This Python function, `case_when`, is inspired by the `case_when` function in R's `dplyr` package. It allows for the application of multiple conditional statements to a pandas DataFrame, assigning values based on these conditions, with the ability to specify a default value if none of the conditions are met. This is particularly useful for creating new variables or transforming existing ones based on complex logic.

### Function Overview:

- **Parameters:**
  - `dataframe` (pd.DataFrame): The DataFrame to which the conditions will be applied.
  - `conditions` (list of tuples): Each tuple contains a boolean condition and the corresponding value to be assigned if the condition is true.
  - `default` (optional): The value to be assigned if none of the specified conditions are met. If not provided, the default is `None`.

- **Process:**
  1. Initializes a pandas Series (`result`) filled with the default value for each row in the DataFrame.
  2. Iterates through the `conditions` list, applying each condition to the DataFrame. Where a condition is met, the corresponding value is assigned in the `result` Series.
  3. Checks for missing data in the DataFrame.

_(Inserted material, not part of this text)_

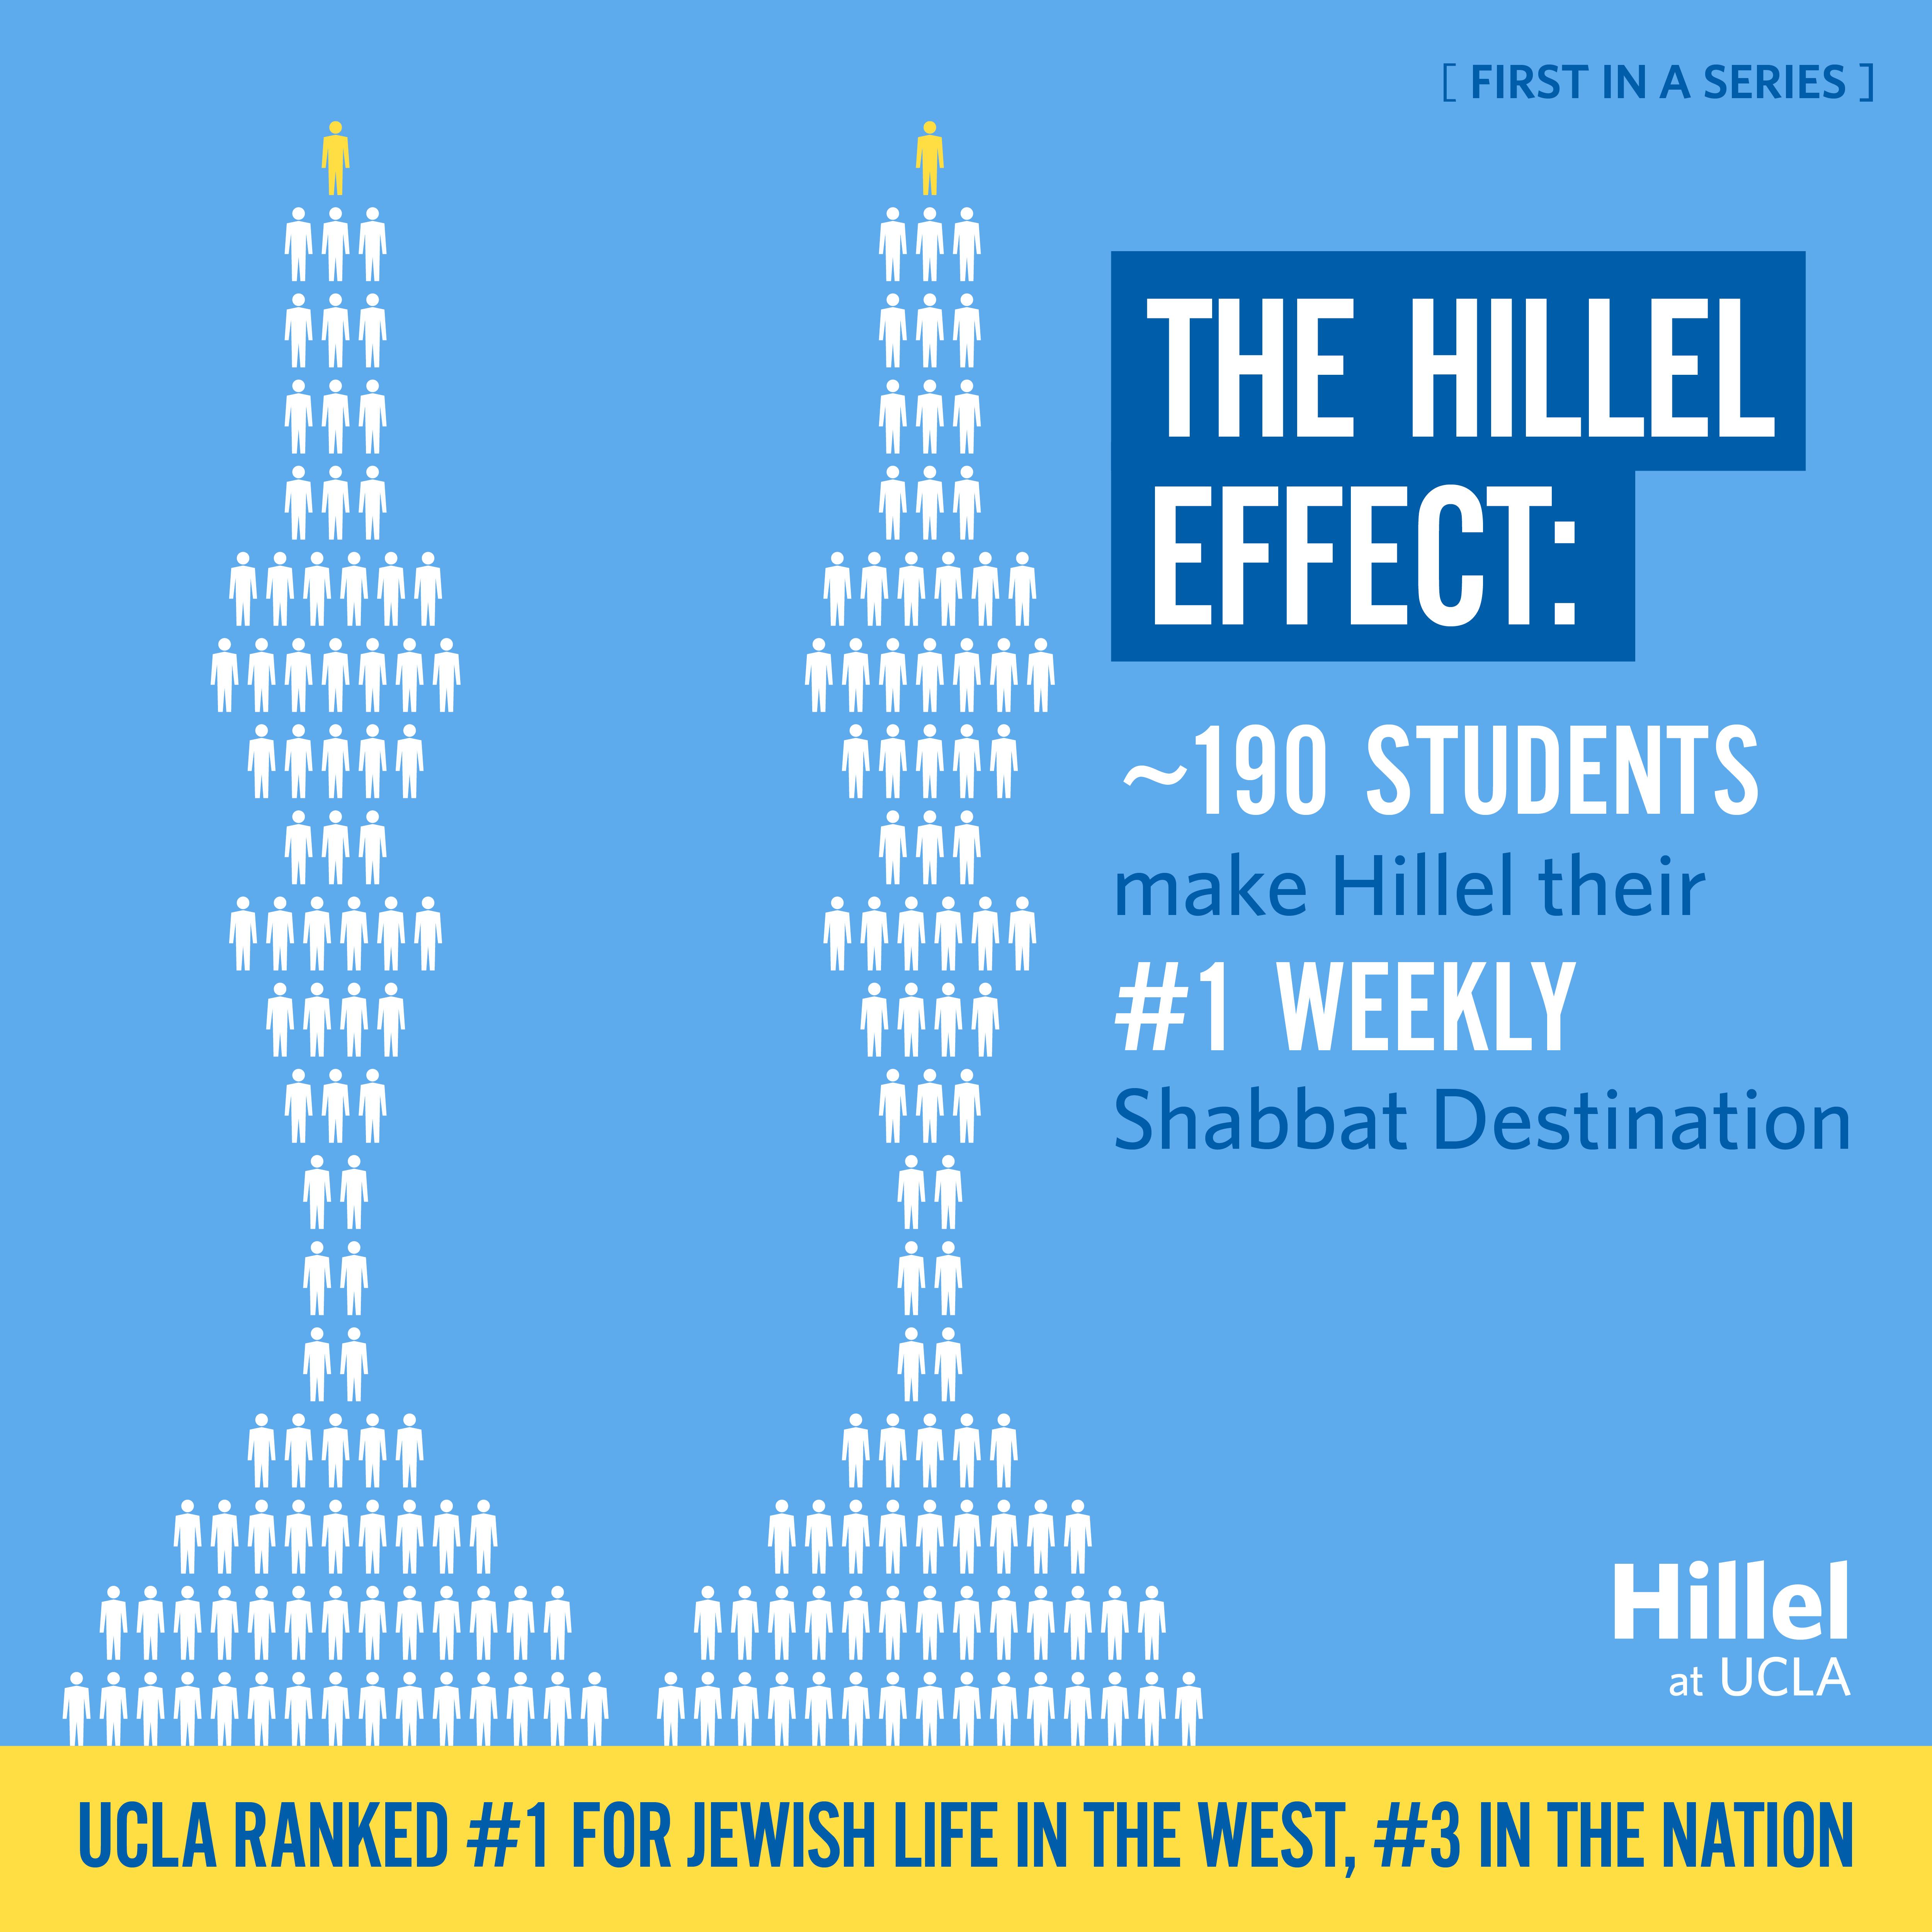 Hillel_BestinWest_Infographic_v4_300dpi.jpg

If a row contains any missing values (`np.nan`), the function assigns `np.nan` to that row in the `result` Series, overriding the default or conditionally assigned value.

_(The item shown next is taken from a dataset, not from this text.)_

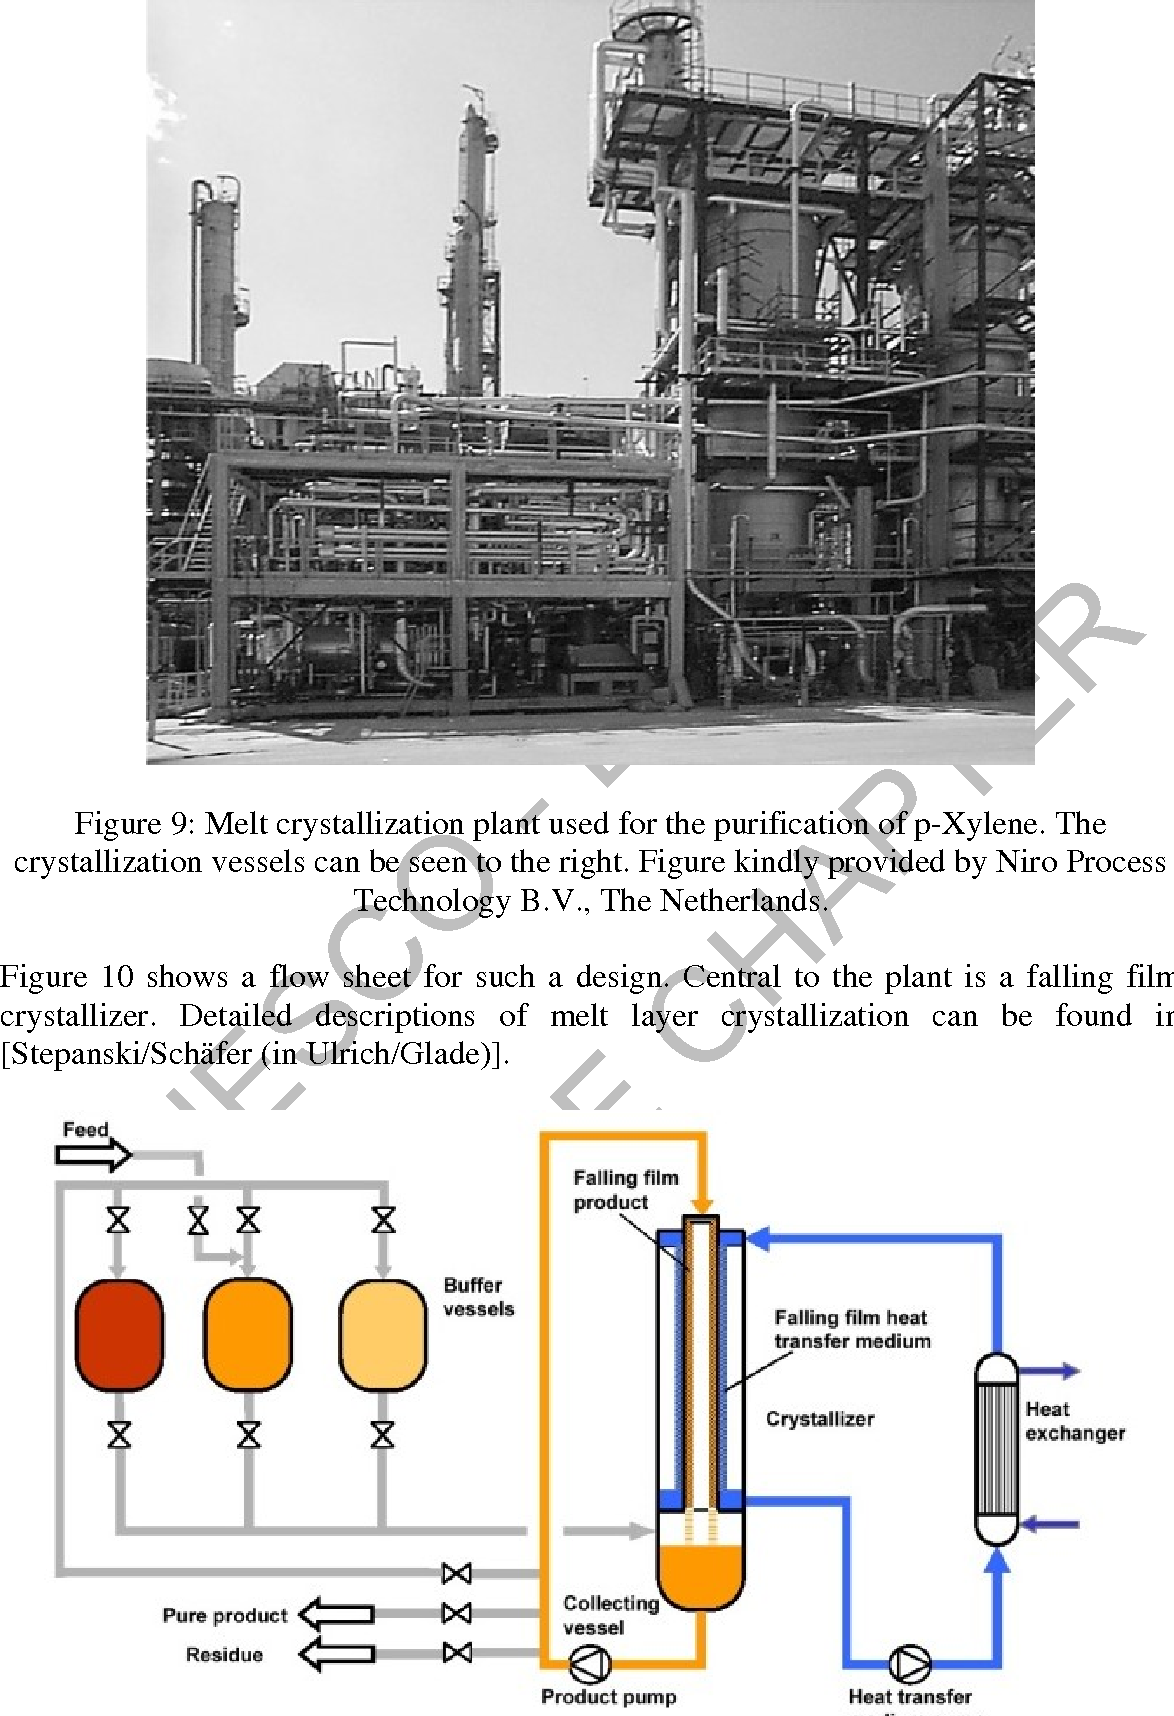 Heat And Mass Transfer Operations Crystallization Semantic Scholar Process Flow Diagram Of Xylene

- **Returns:** A pandas Series with the assigned values based on the specified conditions and the handling of missing data.

### Example Usage Explained:

In the provided example:

- A sample DataFrame `df` is created with two columns (`'A'` and `'B'`) and some missing values.
- Conditions are defined such that:
  - "Condition 1 met" is assigned to rows where column `'A'` is greater than 1 and column `'B'` is 'y'.
  - "Condition 2 met" is assigned to rows where column `'A'` is less than or equal to 1.
- A default condition "Default condition met" is specified for rows that do not meet either of the first two conditions.
- The `case_when` function is applied to the DataFrame, and the results are stored in a new column `'Result'`.
- The presence of missing data in any row results in `np.nan` being assigned to that row in the `'Result'` column, due to the function's design to handle missing values by overriding the assigned value with `np.nan`.

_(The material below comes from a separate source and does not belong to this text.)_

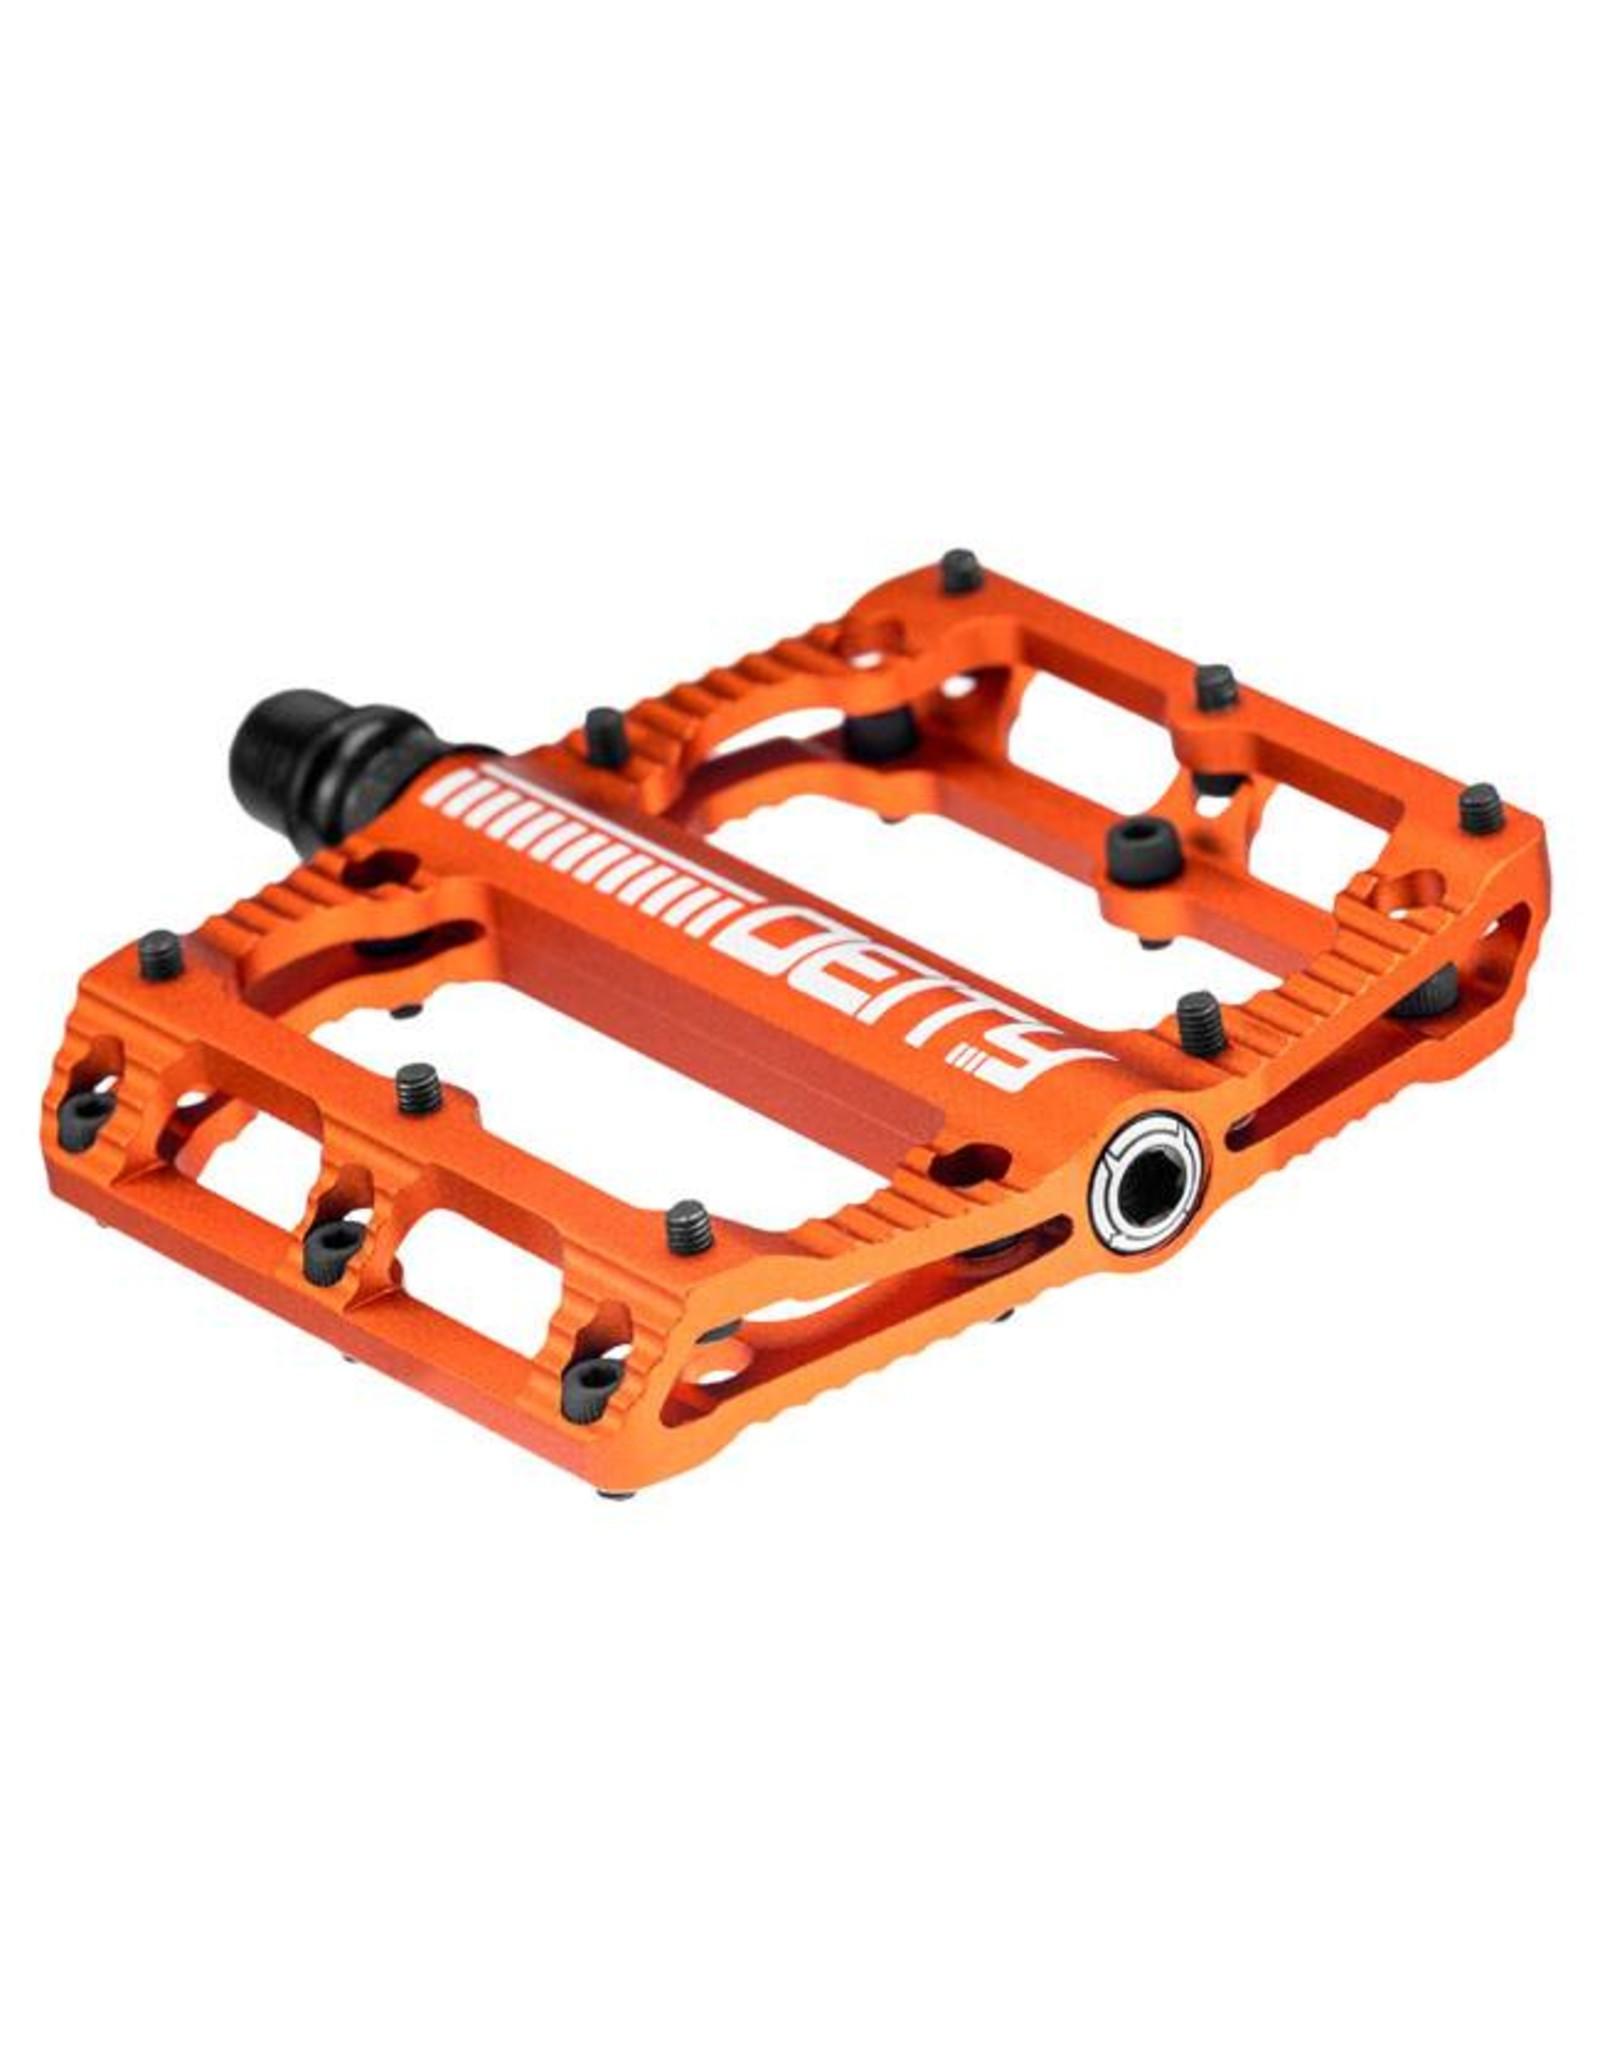 Deity Components Deity Black Kat Pedals: Orange/Laser Graphics

This function is particularly useful for data manipulation and feature engineering tasks, allowing for the concise expression of complex logic that would otherwise require multiple steps using standard pandas operations.

In [1]:
import pandas as pd
import numpy as np

def case_when(dataframe, conditions, default=None):
    """
    Apply multiple conditions to a pandas DataFrame, similar to dplyr's case_when in R, with a default value and handling missing data.

    Args:
    dataframe (pd.DataFrame): The DataFrame on which to apply the conditions.
    conditions (list of tuples): A list of tuples, where each tuple contains a condition and the corresponding value to assign.
    default (optional): The default value to assign when none of the conditions are met.

    Returns:
    pd.Series: A pandas Series with the values assigned based on the conditions.
    """
    # Initialize a series with the default value
    result = pd.Series([default] * len(dataframe), index=dataframe.index)

    # Apply each condition
    for condition, value in conditions:
        result[condition] = value

    # Replace the default value with np.nan where any of the values in the row are missing
    missing_condition = dataframe.isnull().any(axis=1)
    result[missing_condition] = np.nan

    return result

# Example usage

import pandas as pd
import numpy as np

# Example DataFrame with missing data
df = pd.DataFrame({'A': [1, 2, None, 3], 'B': ['x', 'y', None, 'z']})

# Define conditions
conditions = [
    ((df['A'] > 1) & (df['B'] == 'y'), "Condition 1 met"),
    (df['A'] <= 1, "Condition 2 met")
]

# Apply the case_when function with a default value
df['Result'] = case_when(df, conditions, default="Default condition met")

# Display the DataFrame
df

Unnamed: 0,A,B,Result
0,1.0,x,Condition 2 met
1,2.0,y,Condition 1 met
2,,,
3,3.0,z,Default condition met